The Federal Circuit today issued its opinion in Assoc. for Molecular Pathology, et al. v. U.S. Patent and Trademark Office, et al. (“Myriad”), in which it re-affirmed its prior ruling, despite the Supreme Court’s instruction to revisit that ruling in light of its decision in Mayo Collaborative Services v. Prometheus Laboratories, Inc., ___U.S.___ (March 20, 2012) (“Prometheus”).
MYRIAD BACKGROUND -
At issue in Myriad are both composition claims directed to isolated DNA sequences, specifically the BRCA-1 and BRCA-2 genes, and method claims directed to screening for the presence of mutations in those genes.
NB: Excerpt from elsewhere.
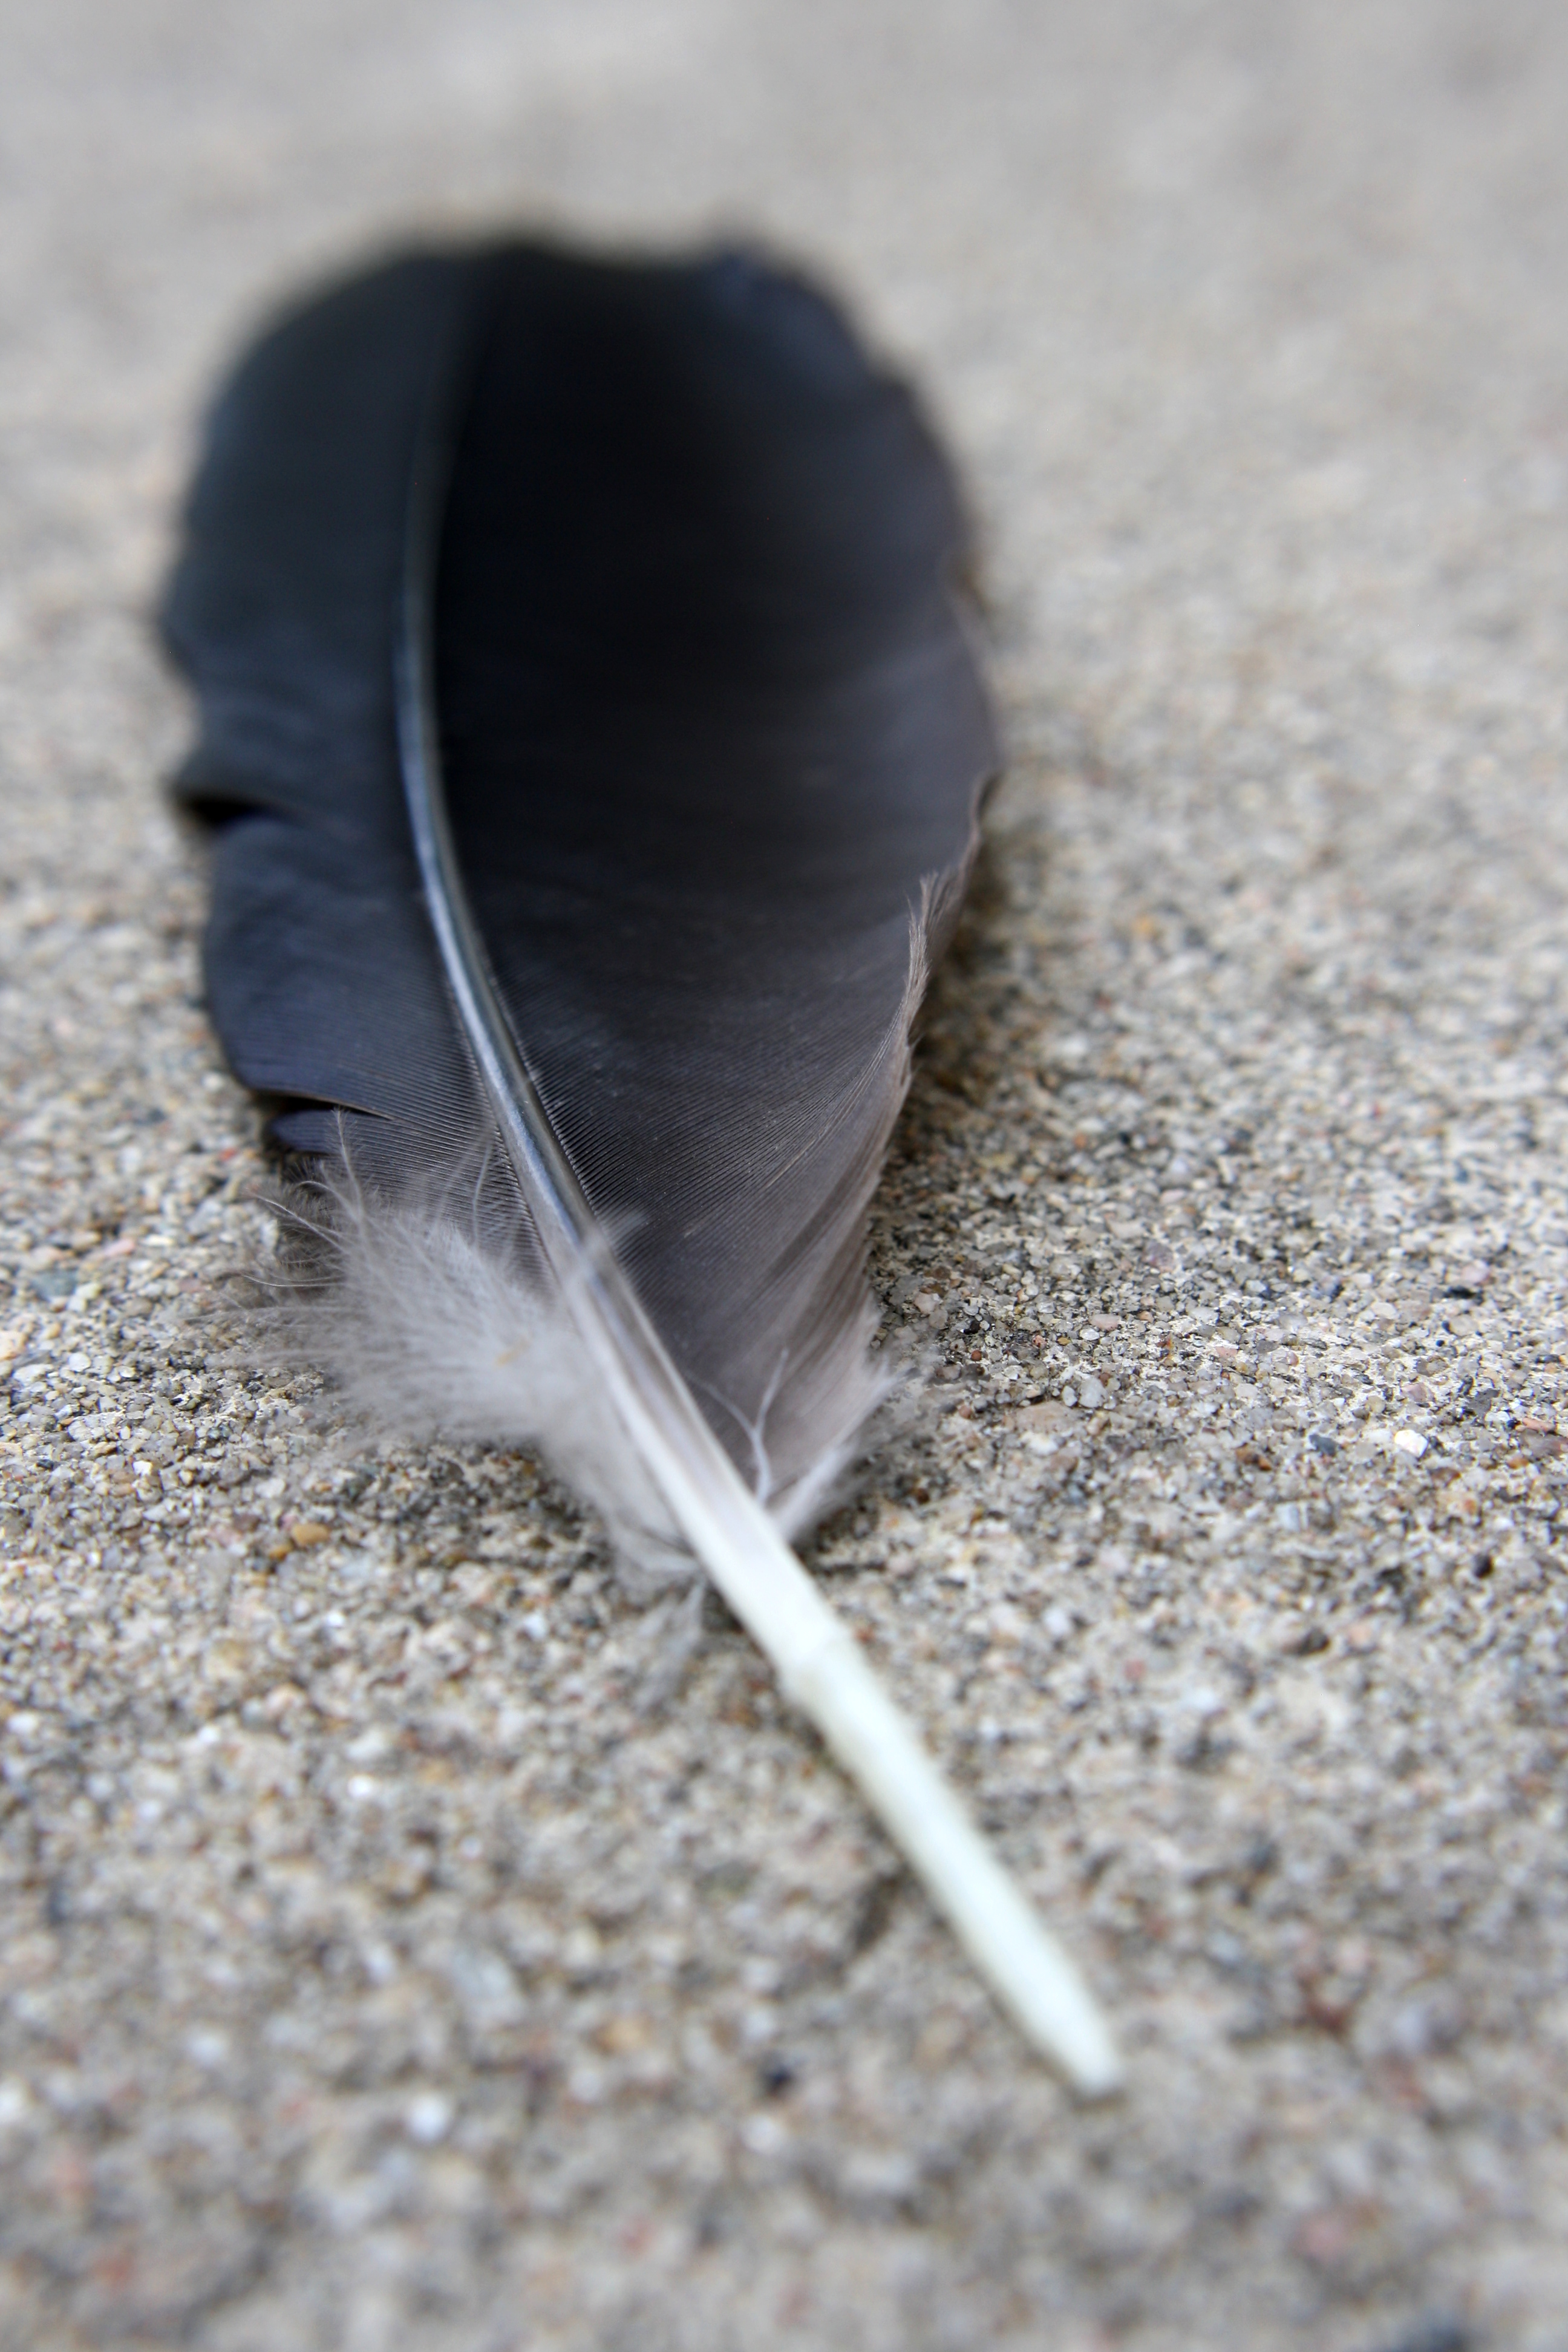 Feather Picture | Free Photograph | Photos Public Domain
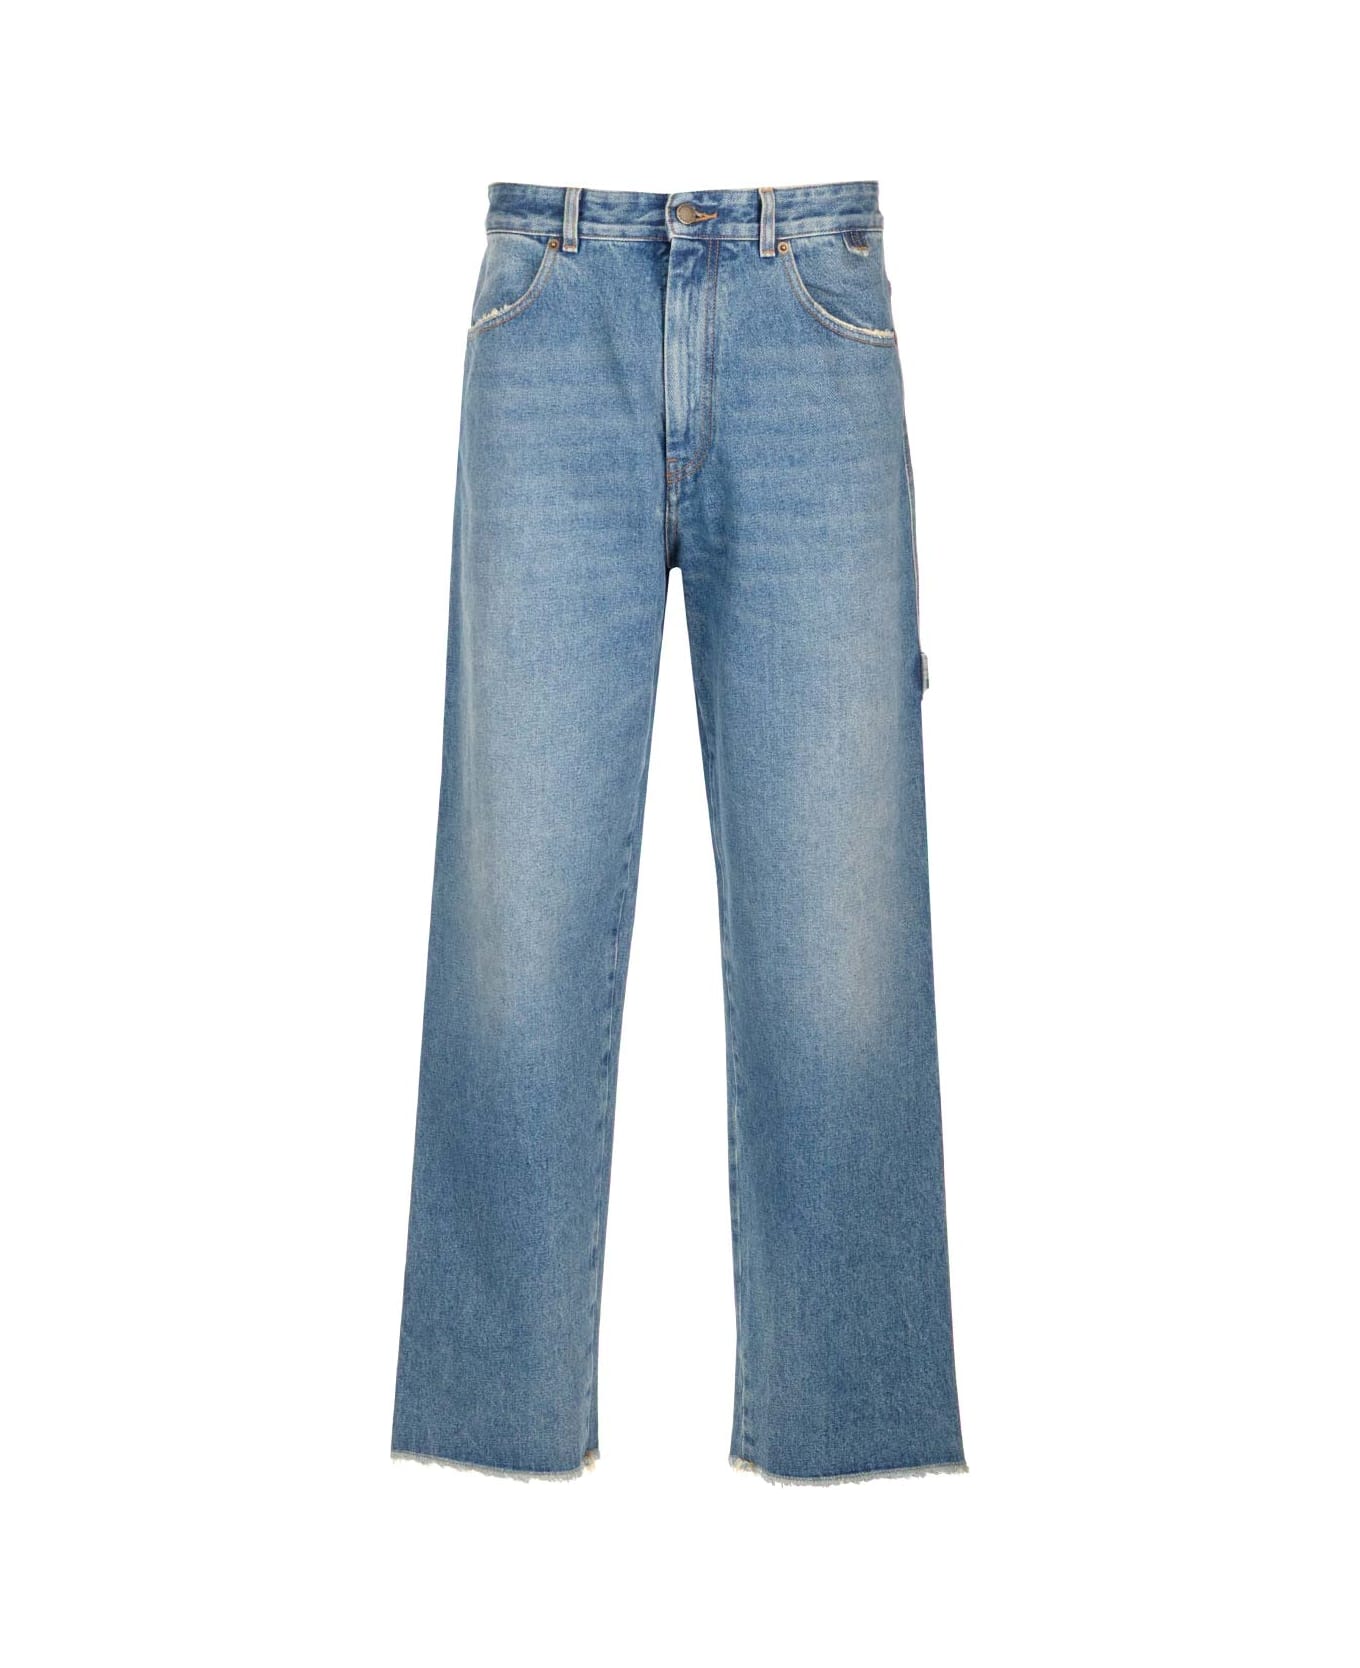 DARKPARK 'john' Carpenter Jeans - Medium Wash

By some estimates 5-10% of women who develop breast cancer are likely to have a mutation in their BRCA-1 or BRCA-2 genes, and it has been estimated that women with one of these mutations can have an approximately 40-85% lifetime risk of developing breast cancer. These inherited mutations can also be an indicator of an increased risk of ovarian cancer. Genetic tests are available to determine if a person carries one of these mutations. On May 12, 2009, a coalition of groups and individuals brought a declaratory judgment action against the U.S. Patent Office, Myriad Genetics, Inc., and the University of Utah Research Foundation over several U.S. patents with claims directed to the BRCA genes.